** Opening Study material block **

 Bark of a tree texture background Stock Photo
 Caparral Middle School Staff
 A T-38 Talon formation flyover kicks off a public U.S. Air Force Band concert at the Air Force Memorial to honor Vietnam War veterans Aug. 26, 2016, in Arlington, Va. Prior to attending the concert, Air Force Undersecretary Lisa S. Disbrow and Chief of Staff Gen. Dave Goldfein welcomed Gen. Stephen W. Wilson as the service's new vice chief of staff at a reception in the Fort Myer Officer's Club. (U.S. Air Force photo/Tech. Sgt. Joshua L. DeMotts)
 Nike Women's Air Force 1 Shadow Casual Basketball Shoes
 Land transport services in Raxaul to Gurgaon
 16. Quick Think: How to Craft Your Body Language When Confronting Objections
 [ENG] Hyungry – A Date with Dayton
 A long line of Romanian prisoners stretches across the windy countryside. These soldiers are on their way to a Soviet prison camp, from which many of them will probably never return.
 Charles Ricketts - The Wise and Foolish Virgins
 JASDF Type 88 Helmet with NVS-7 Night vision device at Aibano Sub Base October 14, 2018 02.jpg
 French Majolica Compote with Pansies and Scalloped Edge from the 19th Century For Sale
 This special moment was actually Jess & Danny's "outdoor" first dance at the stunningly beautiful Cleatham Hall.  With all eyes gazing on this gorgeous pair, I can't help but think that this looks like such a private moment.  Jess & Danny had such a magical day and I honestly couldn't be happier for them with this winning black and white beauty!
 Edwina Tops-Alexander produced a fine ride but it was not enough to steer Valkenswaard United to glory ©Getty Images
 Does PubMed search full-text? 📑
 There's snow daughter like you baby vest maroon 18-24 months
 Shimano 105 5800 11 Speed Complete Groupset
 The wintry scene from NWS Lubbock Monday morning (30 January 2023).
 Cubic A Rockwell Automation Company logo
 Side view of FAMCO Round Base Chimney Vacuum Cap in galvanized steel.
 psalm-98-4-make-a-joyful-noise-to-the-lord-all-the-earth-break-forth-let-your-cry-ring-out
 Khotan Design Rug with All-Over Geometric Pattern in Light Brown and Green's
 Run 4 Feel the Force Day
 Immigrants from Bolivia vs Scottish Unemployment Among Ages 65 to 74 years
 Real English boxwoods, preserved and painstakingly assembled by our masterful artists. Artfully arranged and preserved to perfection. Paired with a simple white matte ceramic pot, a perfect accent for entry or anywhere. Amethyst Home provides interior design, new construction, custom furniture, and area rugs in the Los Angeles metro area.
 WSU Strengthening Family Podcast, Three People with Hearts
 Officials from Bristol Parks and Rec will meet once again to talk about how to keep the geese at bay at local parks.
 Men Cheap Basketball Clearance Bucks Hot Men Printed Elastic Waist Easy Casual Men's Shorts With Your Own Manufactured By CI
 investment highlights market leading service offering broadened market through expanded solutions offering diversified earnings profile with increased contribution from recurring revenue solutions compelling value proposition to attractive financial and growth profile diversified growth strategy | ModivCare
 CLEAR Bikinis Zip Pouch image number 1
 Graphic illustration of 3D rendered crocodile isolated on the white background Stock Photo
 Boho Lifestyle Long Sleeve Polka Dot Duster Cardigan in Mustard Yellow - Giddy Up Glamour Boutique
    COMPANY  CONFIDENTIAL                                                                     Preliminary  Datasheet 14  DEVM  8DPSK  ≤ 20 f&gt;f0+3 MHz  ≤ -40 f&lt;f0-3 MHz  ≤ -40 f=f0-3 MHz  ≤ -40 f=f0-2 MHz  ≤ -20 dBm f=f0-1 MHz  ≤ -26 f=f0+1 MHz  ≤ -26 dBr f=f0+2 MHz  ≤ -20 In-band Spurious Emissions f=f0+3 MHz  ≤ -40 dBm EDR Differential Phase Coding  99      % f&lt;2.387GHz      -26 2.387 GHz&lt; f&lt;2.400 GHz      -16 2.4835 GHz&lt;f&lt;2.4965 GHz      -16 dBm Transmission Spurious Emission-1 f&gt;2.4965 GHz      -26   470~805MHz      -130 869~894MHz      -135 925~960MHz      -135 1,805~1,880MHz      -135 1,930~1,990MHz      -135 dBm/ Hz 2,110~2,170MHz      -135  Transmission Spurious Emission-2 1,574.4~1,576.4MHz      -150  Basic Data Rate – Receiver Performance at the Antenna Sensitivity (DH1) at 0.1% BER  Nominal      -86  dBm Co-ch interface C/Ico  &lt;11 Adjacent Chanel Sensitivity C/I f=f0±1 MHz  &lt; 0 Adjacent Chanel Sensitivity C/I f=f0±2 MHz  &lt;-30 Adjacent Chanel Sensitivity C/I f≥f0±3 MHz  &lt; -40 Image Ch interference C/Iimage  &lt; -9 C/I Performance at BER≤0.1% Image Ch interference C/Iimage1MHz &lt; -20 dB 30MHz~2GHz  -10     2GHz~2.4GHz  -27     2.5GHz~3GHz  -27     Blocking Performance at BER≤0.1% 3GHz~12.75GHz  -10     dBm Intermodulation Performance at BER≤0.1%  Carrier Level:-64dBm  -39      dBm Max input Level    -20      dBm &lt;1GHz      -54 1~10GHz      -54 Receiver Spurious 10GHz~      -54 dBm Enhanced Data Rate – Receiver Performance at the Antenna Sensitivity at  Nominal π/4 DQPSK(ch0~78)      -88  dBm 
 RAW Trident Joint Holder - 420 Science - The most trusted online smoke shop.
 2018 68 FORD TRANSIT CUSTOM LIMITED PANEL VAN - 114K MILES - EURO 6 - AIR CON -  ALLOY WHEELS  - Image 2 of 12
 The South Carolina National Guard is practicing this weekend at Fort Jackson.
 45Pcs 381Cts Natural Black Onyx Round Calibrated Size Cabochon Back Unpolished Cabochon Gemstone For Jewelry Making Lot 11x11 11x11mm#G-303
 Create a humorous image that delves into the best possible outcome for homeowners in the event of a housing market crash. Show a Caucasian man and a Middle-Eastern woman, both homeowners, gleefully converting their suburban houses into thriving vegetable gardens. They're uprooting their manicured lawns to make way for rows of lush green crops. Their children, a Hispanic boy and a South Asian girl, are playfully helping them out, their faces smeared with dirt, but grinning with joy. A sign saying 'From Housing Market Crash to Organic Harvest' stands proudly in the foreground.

** Closing Study material block **

*Task directions*
The lines above that include "Basketball" should each be listed.

*Written answer*
 Nike Women's Air Force 1 Shadow Casual Basketball Shoes
 Men Cheap Basketball Clearance Bucks Hot Men Printed Elastic Waist Easy Casual Men's Shorts With Your Own Manufactured By CI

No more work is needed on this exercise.